# restoring color of stanley chisel handles



## planeBill (Oct 21, 2011)

I have discovered a toner that,at least to my eyes,replicates pretty closely,the color of the original stanley handles. Now as I said, its a toner and not a stain which I think is what stanley used as well because while prepping these for a redo the color came off easily and had not penetrated the wood of the handles but was only on the surface, just like this toner does.
It is a Mohawk brand toner and the number is M100 0227 Dark red mahogany. To me it looks very close to the correct color. What do ya'll think?

__
Sensitive content, not recommended for those under 18
Show Content


----------



## RGtools (Feb 18, 2011)

I am not a fan of stained wood…but I think you did a good job on the color here. If it looks god and does not make the handle slick, life is grand.

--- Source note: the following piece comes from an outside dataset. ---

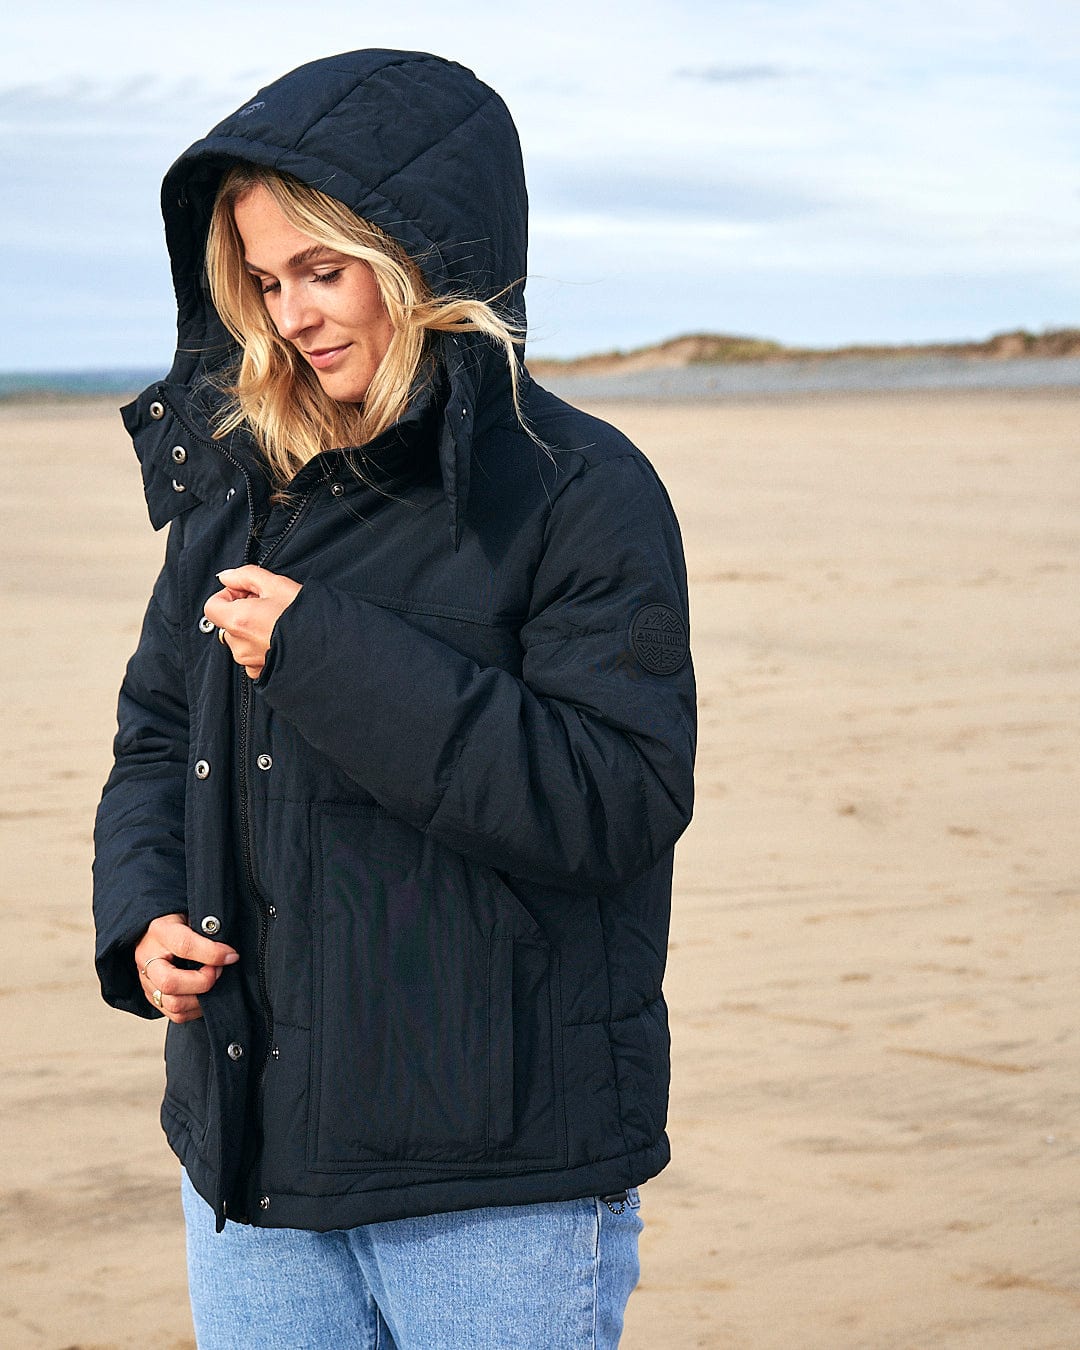 A woman wearing a Saltrock Aspen - Womens Short Puffer Jacket - Black on the beach.
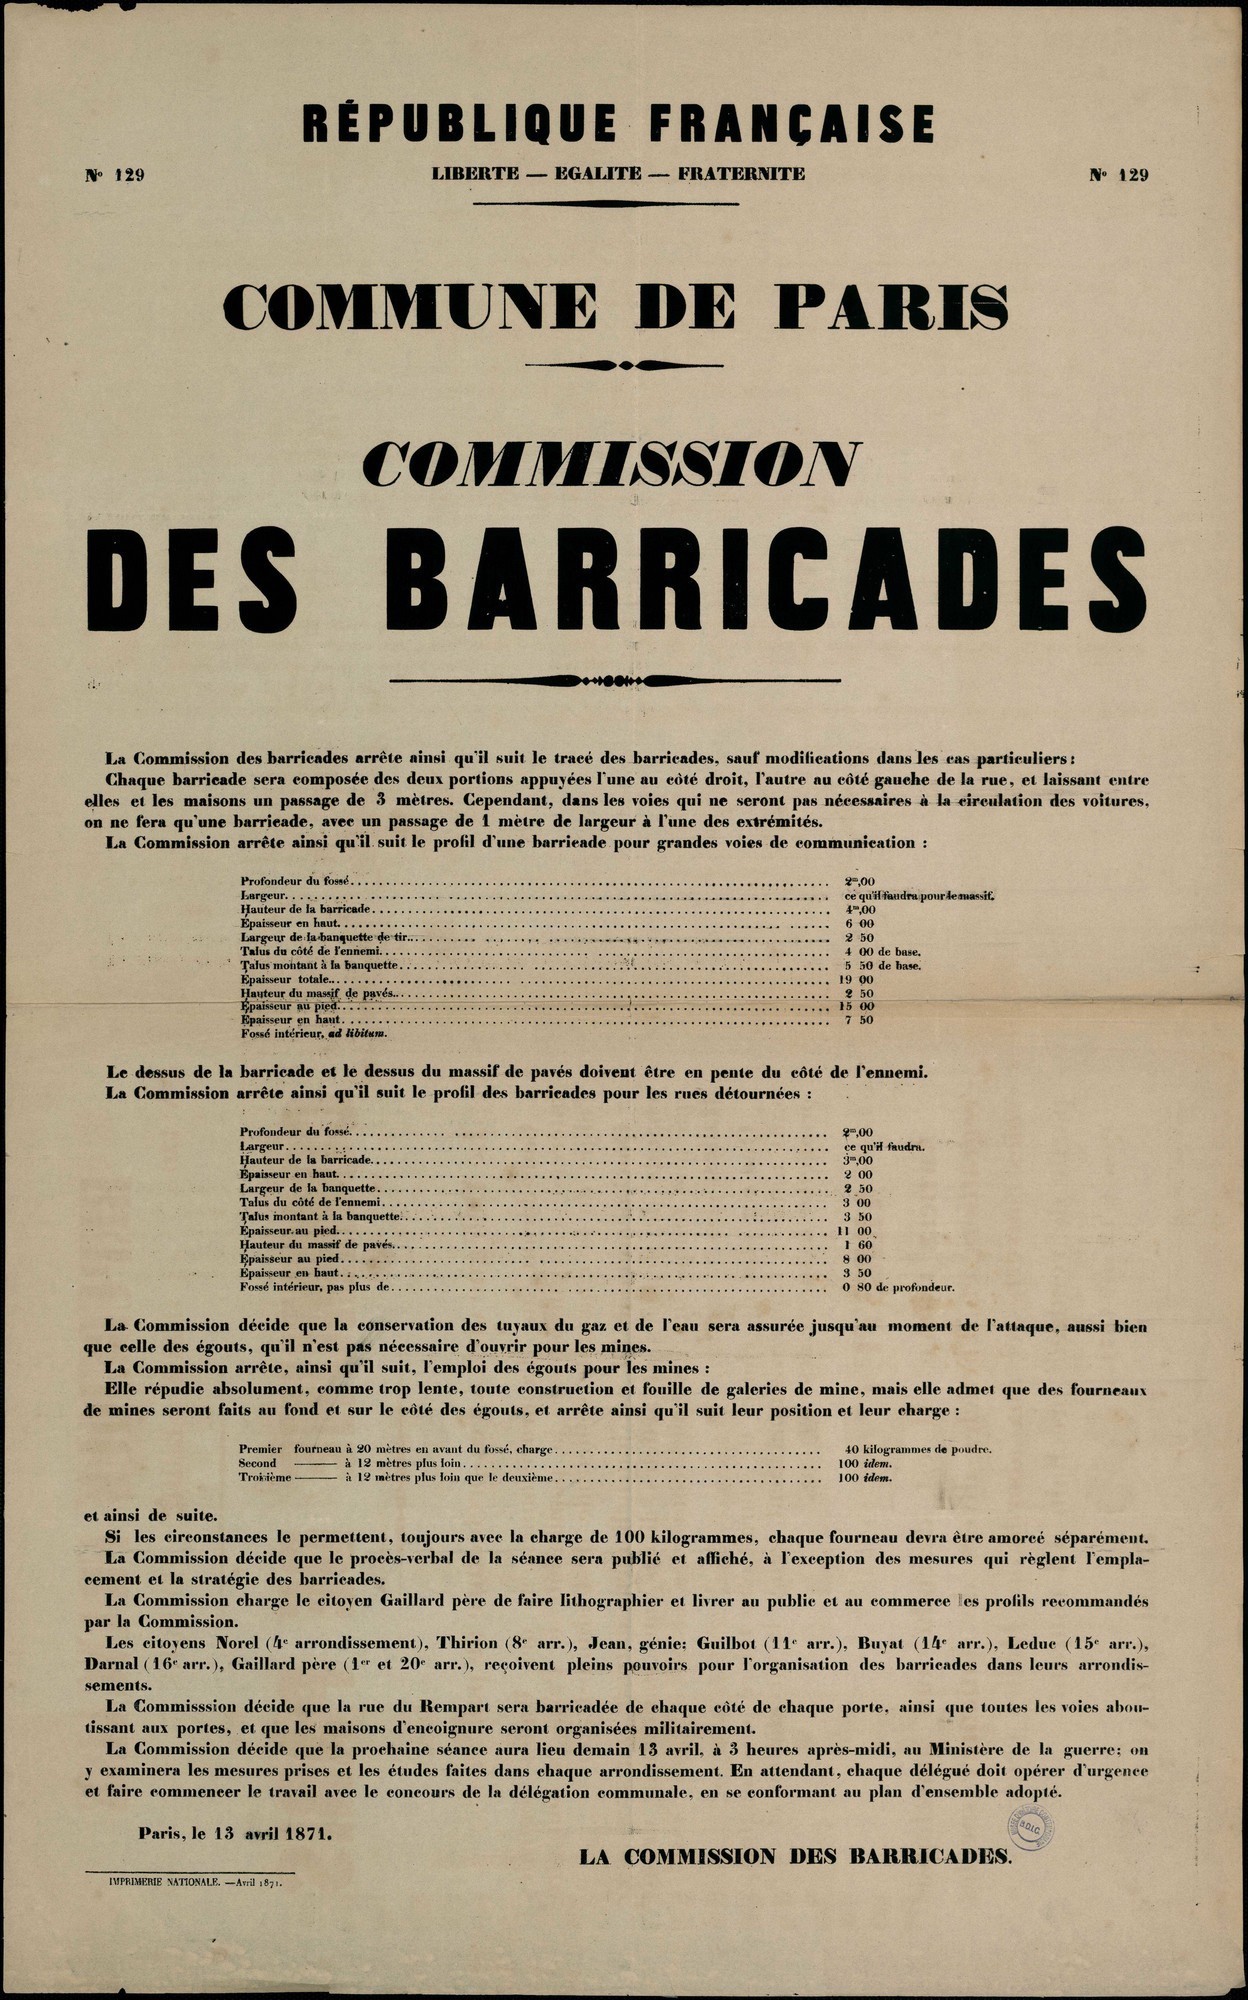 Affiche de la Commune de Paris N°129 du 13 avril 1871 - Commission des barricades (source : La Contemporaine – Nanterre / argonnaute.parisnanterre.fr)

Might I ask what is being planned on the notbook in the 3rd pic?


----------



## Smitty_Cabinetshop (Mar 26, 2011)

Bill, I think that color looks incredibly like the original 720 (EDIT: 750s? Either way, I know the ones you're referring to!  ) issues. Very creative find!


----------



## planeBill (Oct 21, 2011)

RGtools, I had to put some sort of topcoat on the toner and chose laquer,gloss at that and is strangly "grippy". It is glossy but not really slick in the hand. So all"seems"well. Thanks for the kind words. The scribble on the notepad os a idea sketch for a craftsman mirror I did a while back. You can see it in my projects.
Smitty, I do too. I mean it is really close. Heck it might be what they used. Maybe not but Mohawk has been around for a long time. There was a guy on ebay who was selling handles along with cans of what he said was the original stain they used but you could only see the top of the can and could not see a brand name. I swear though the handles I rehabbed here did not appear to have been stained. The color was not in the wood but on it.
I dont think you can buy this stuff unless you have a business and have an account with them. Seems silly to me but thats what our repair tech told me, which is who gave me a few cans of it. I could probably get a few more cans if anyone wants some. Never hurts to ask plus he told me himself that hej never uses that color.


----------